Le Conseil permanent de l’épiscopat polonais pour la protection de la vie et de la paix sociale a publié cet appel :

«Nous observons avec une grande douleur l’escalade de la tension sociale et des agressions. Même le langage grossier utilisé par certains manifestants, la destruction de biens sociaux, la dévastation d’églises, la profanation de lieux sacrés ou l’empêchement d’y accomplir la liturgie sont inquiétants. Nous demandons à chacun de s’engager dans un véritable dialogue social, d’exprimer ses opinions sans recourir à la violence et de respecter la dignité de chaque être humain. En ce moment dramatique, nous demandons aux politiciens et à tous les participants au débat social d’analyser en profondeur les causes de la situation qui s’est créée et de chercher des solutions dans l’esprit de la vérité et du bien commun, sans instrumentaliser les questions de la foi et de l’Église. Nous remercions les prêtres et tous les fidèles laïcs qui défendent courageusement leurs églises. Personne ne peut défendre l’Église et les objets sacrés mieux que la communauté des croyants. Nous remercions également les forces de l’ordre. L’Église veut rester ouverte à tous, quelle que soit leur appartenance sociale et politique.»

Le calme semble revenir. Mais le rapport de force demeure incertain. Les médias et l’Europe sont largement contre le gouvernement polonais. La classe politique et l’opinion polonaise sont divisées.

Le gouvernement polonais, en s’attaquant à une question aussi sensible, s’est engagé sur un chemin déjà difficile par temps calme, et qui devient périlleux en période de crise du COVID. De nombreux Polonais de tous bords ne manquent pas de le lui reprocher. À tort ou à raison pour beaucoup d’entre eux, la question de l’avortement n’est pas prioritaire. Le gouvernement se retrouve donc dans une situation délicate. Il ne peut pas reculer sans se dédire.

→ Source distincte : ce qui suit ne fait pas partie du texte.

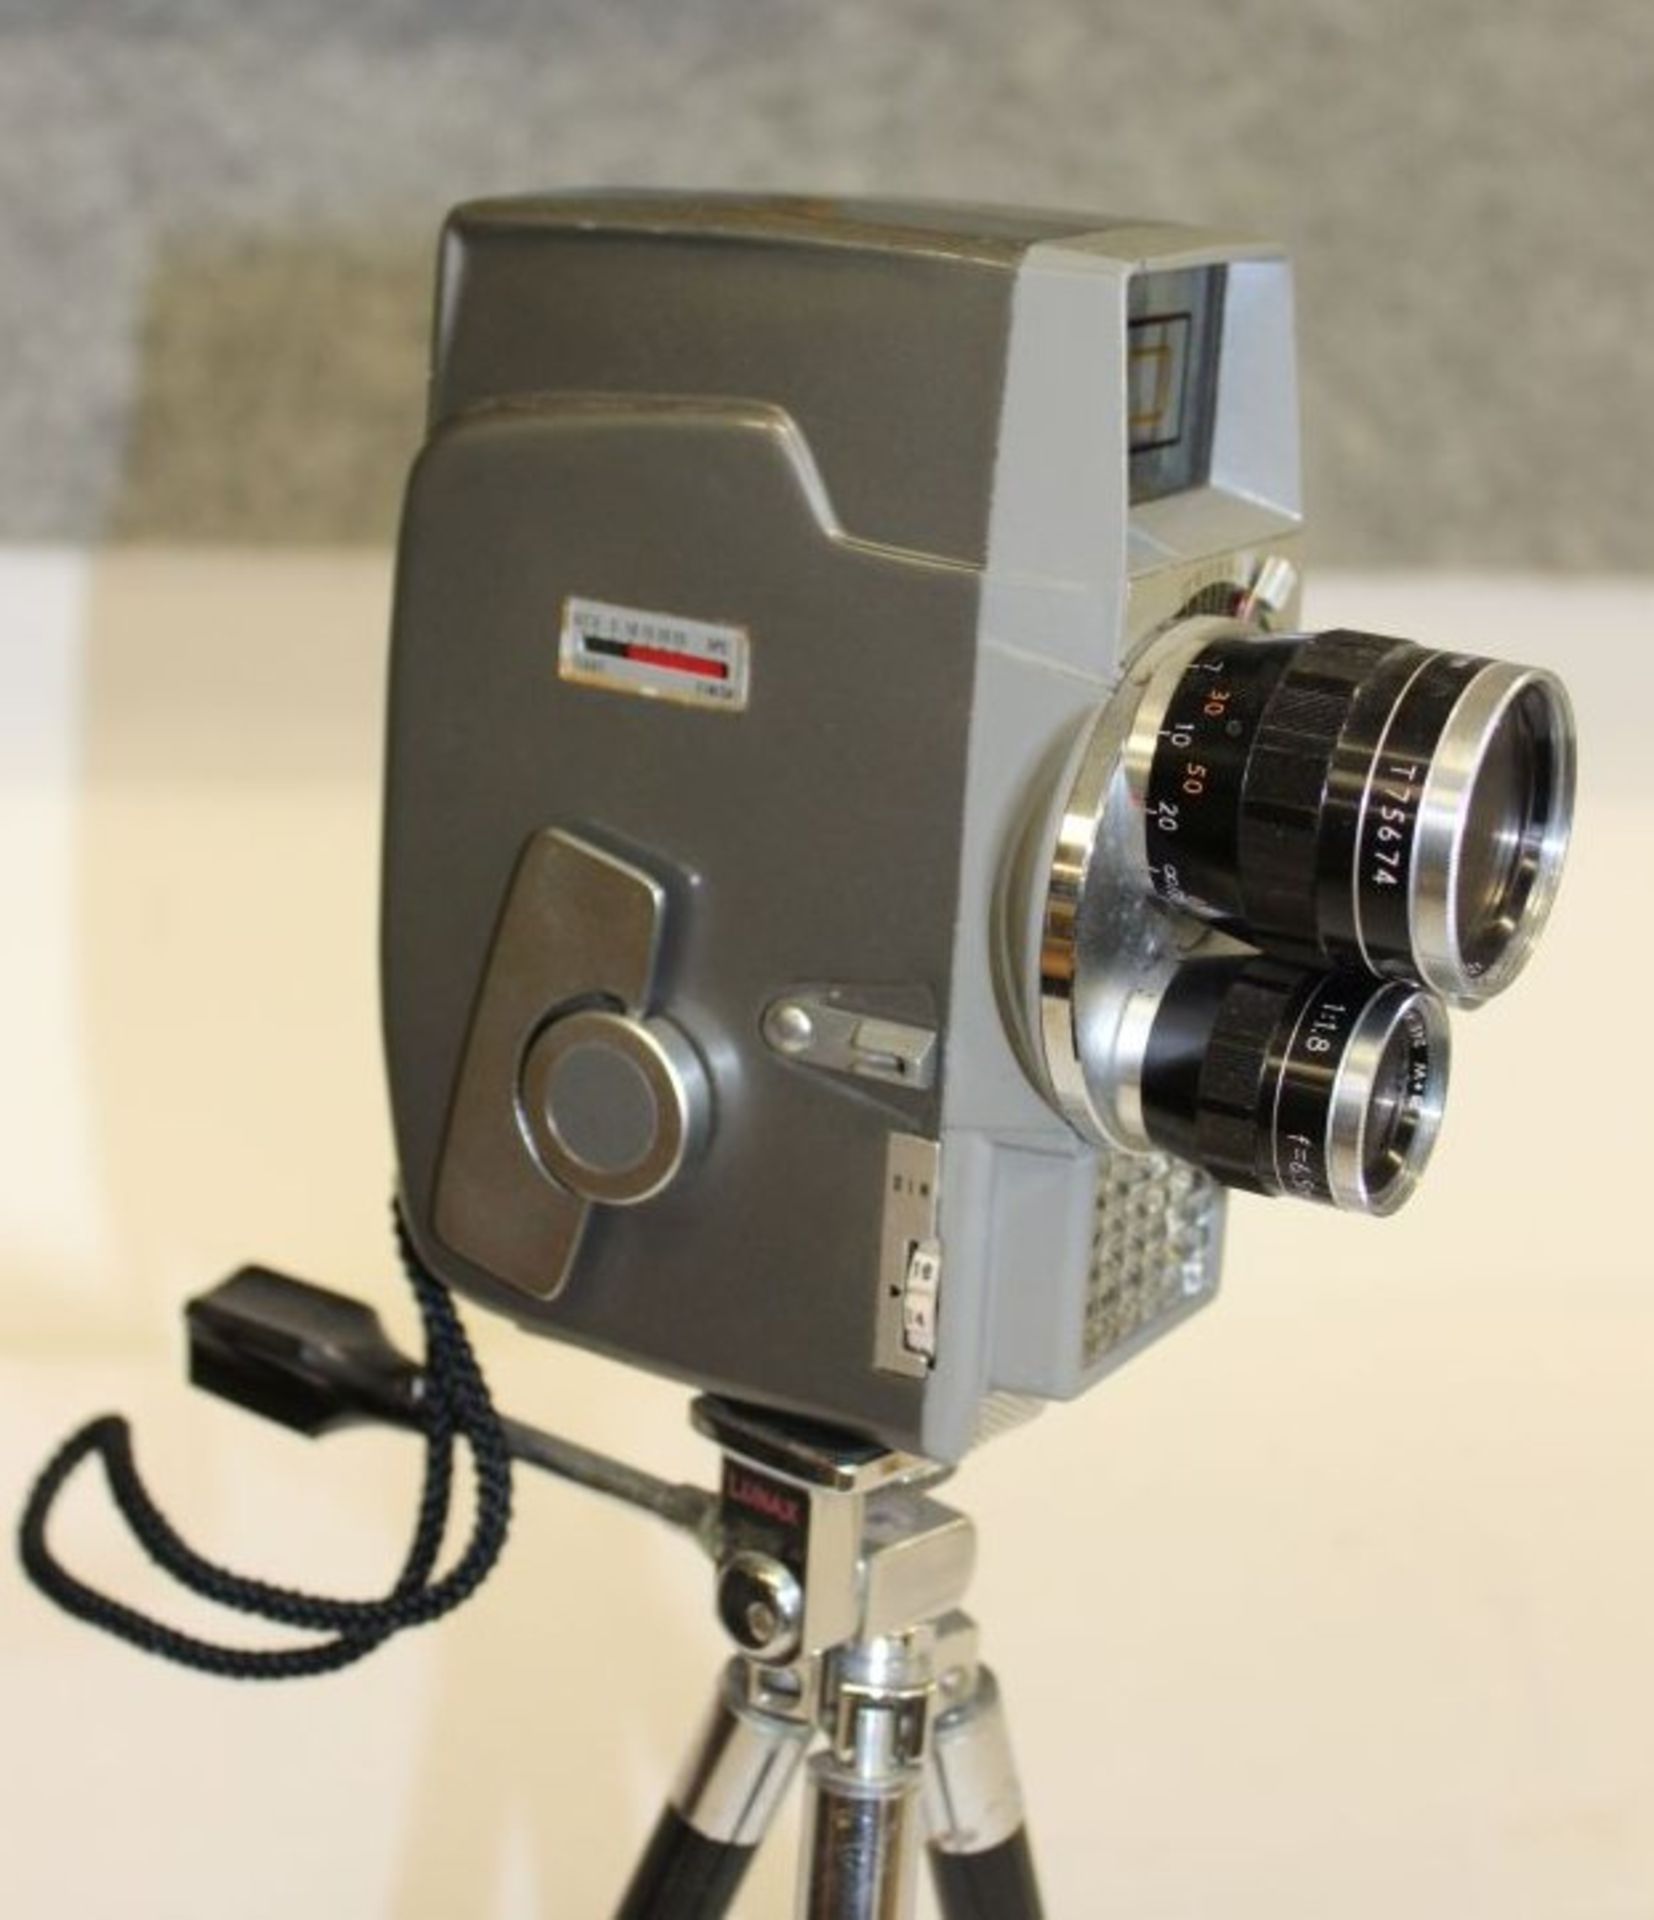 Super Acht-Kamera "Sankyo-Movimat", auf Stativ, Funktion nicht geprüft. - Bild 2 aus 3

Modifier la Constitution pour redéfinir de manière plus libérale les limites de la protection de la vie suppose une majorité des deux tiers. L’opposition et les manifestants le lui demandent. Or il est en principe impossible à un gouvernement de revenir sur une décision du Tribunal constitutionnel. Ce n’est donc ni juridiquement ni politiquement envisageable pour le moment. Même si la partie la plus libérale de la majorité se ralliait à l’opposition pour modifier la Constitution, cela ne suffirait pas à assurer la majorité des deux tiers. Il n’est pas non plus certain que les Polonais consultés par référendum donneraient leur accord. La Pologne n’est pas la France. Les Polonais ne sont que 22 % à soutenir une libéralisation de l’avortement dans leur pays !

Une issue pourrait être de préciser dans une nouvelle loi que la restriction ne s’applique qu’au cas de trisomie et pas aux maladies létales de l’embryon. Ce compromis proposé par le Président Duda et soutenu par le Premier ministre Mateusz Morawiecki peut recevoir le soutien de la population. C’est la principale force du gouvernement. Tant qu’il conservera ce soutien populaire, et quelles que soient les pressions intérieures et extérieures, la législation polonaise évoluera peu dans un sens permissif.

Thierry Boutet

Photo : SOPA Images / SIPA


1 – La Pologne, pays de 38 millions d’habitants, n’a enregistré en 2019 que 1 100 avortements légaux, plus de 95 % pour malformation irréversible du fœtus. Quant aux avortements illégaux, difficiles à comptabiliser, ils seraient aujourd’hui de 150 000 à 200 000 selon les associations féministes. Le coût d’un avortement clandestin serait d’un peu moins de 1 000 €. Un argument souvent brandi pour légaliser l’avortement.